Sunday, July 24, 2011

Is The Norwegian Terrorist A Christian Fundamentalist?



The horrors that Anders Behring Breivik committed in Norway fall under the rubric of domestic terrorism, though currently both international and domestic terrorism tend to be about gods and how the society should be arranged.

After the initial assumption that the attack was by extreme Islamists (visible in many of the early write-ups), it turns out it was by an extreme anti-Islamist who regards most even mildly left-wing parties in Europe as Marxists.

But then political extremes are in some ways not that far removed from each other. The dimension on which to measure political opinions about methods form a circle, interrupted between the two extremes which lie close together, not a straight line where the extreme end-points would be far apart.

The actual platforms of right-wing and left-wing extremists are quite different, of course, and Breivik is of the former kind:
Authorities described Anders Behring Breivik, 32, as a gun-loving, highly religious Norwegian obsessed with what he saw as the threat of multiculturalism and Muslim immigration to the cultural and patriotic values of his country.
"We are not sure whether he was alone or had help," police official Roger Andresen said during a news conference. "What we know is that he is right-wing and a Christian fundamentalist."
Breivik's writings certainly support the idea that he is politically a social conservative of the anti-immigration type. But is he a Christian fundamentalist in the American sense of the term?

So far I have not read any writings by him which would discuss the creed of Christianity or its religious issues. No Bible quotes, no conclusions about what Jesus might want him to do, no great focus on the evils of same-sex marriage or abortion.

He shows some concern about the falling birth rates and the troubles of the nuclear family, and he disapproves of ordained ministers who wear jeans. But he is not the kind of fundamentalist Americans are used to.
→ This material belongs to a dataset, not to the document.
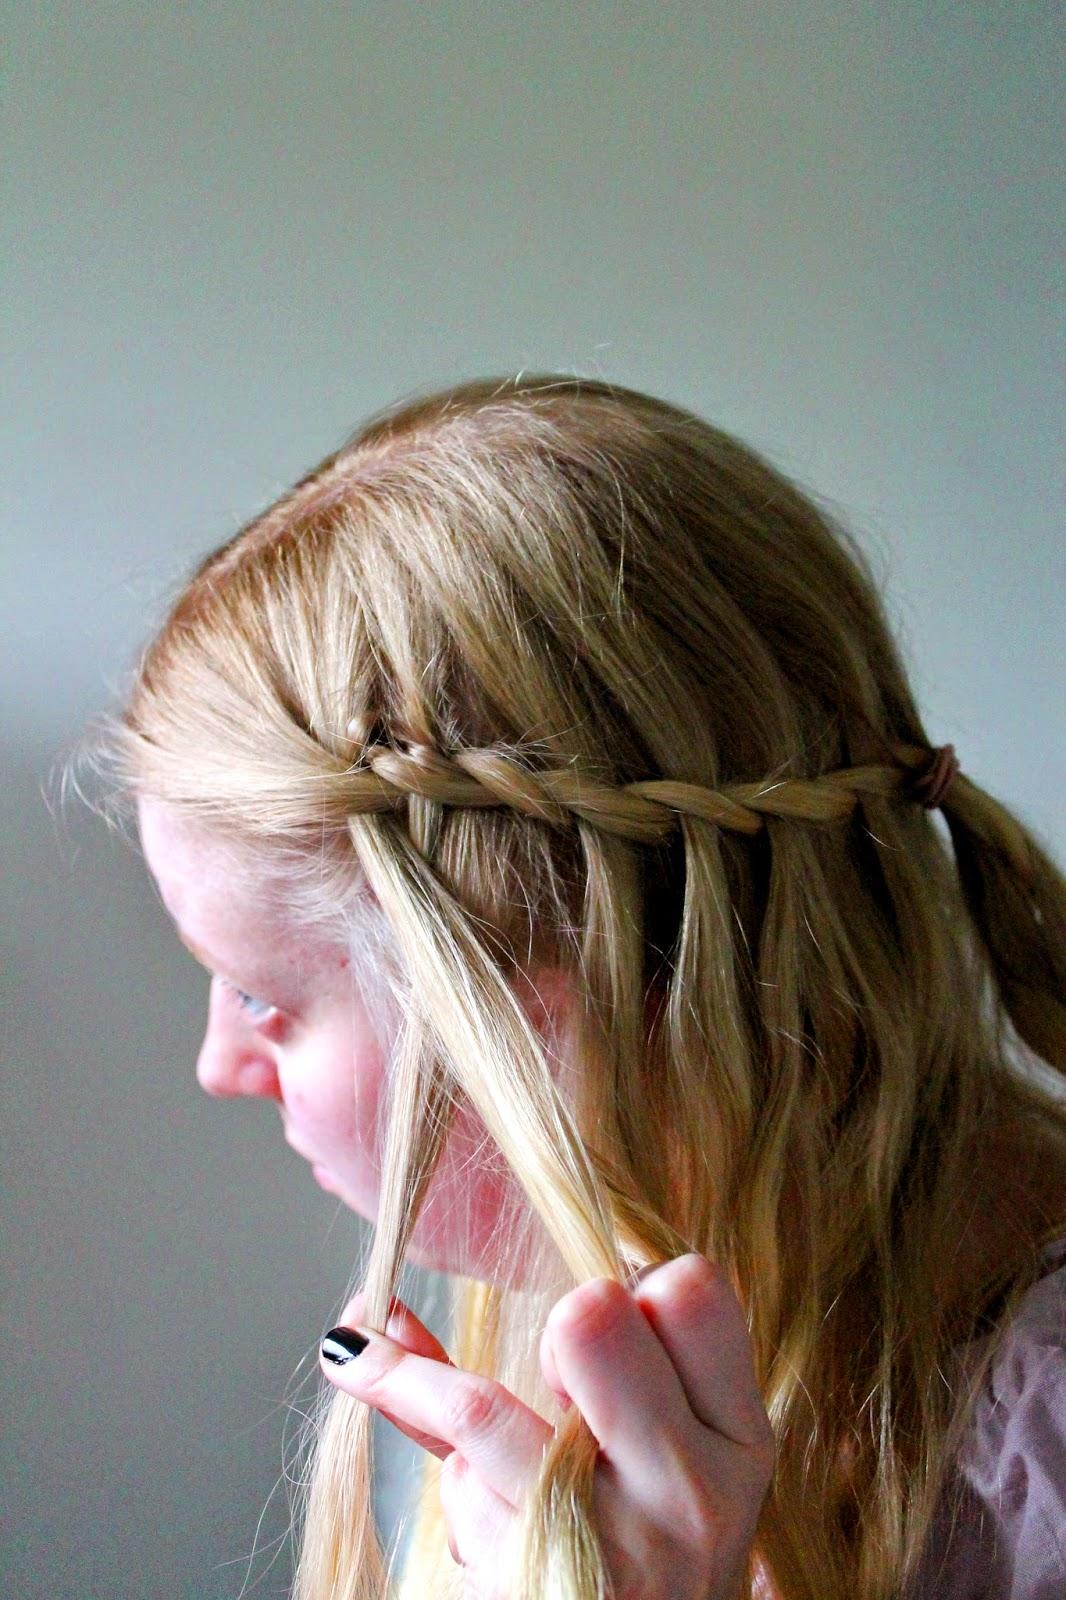 Game of thrones double waterfall braid how to | Alinan kotona blog

What he seems to fear is the death of a Christian culture in Europe, and he sees this as happening through wide-spread immigration of Muslims which will turn the continent into a Saudi Eurabia governed by the sharia laws.

Yet he did not attack Muslim immigrants in Norway but those he perhaps sees as the future "door-openers" for future immigration: The youth of the Labor party (Arbeiderpartiet) which currently governs Norway as the senior partner in a coalition government. Though Breivik would call them Marxists. In that sense the label "right-winger" is more appropriate for him than the label "Christian fundamentalist."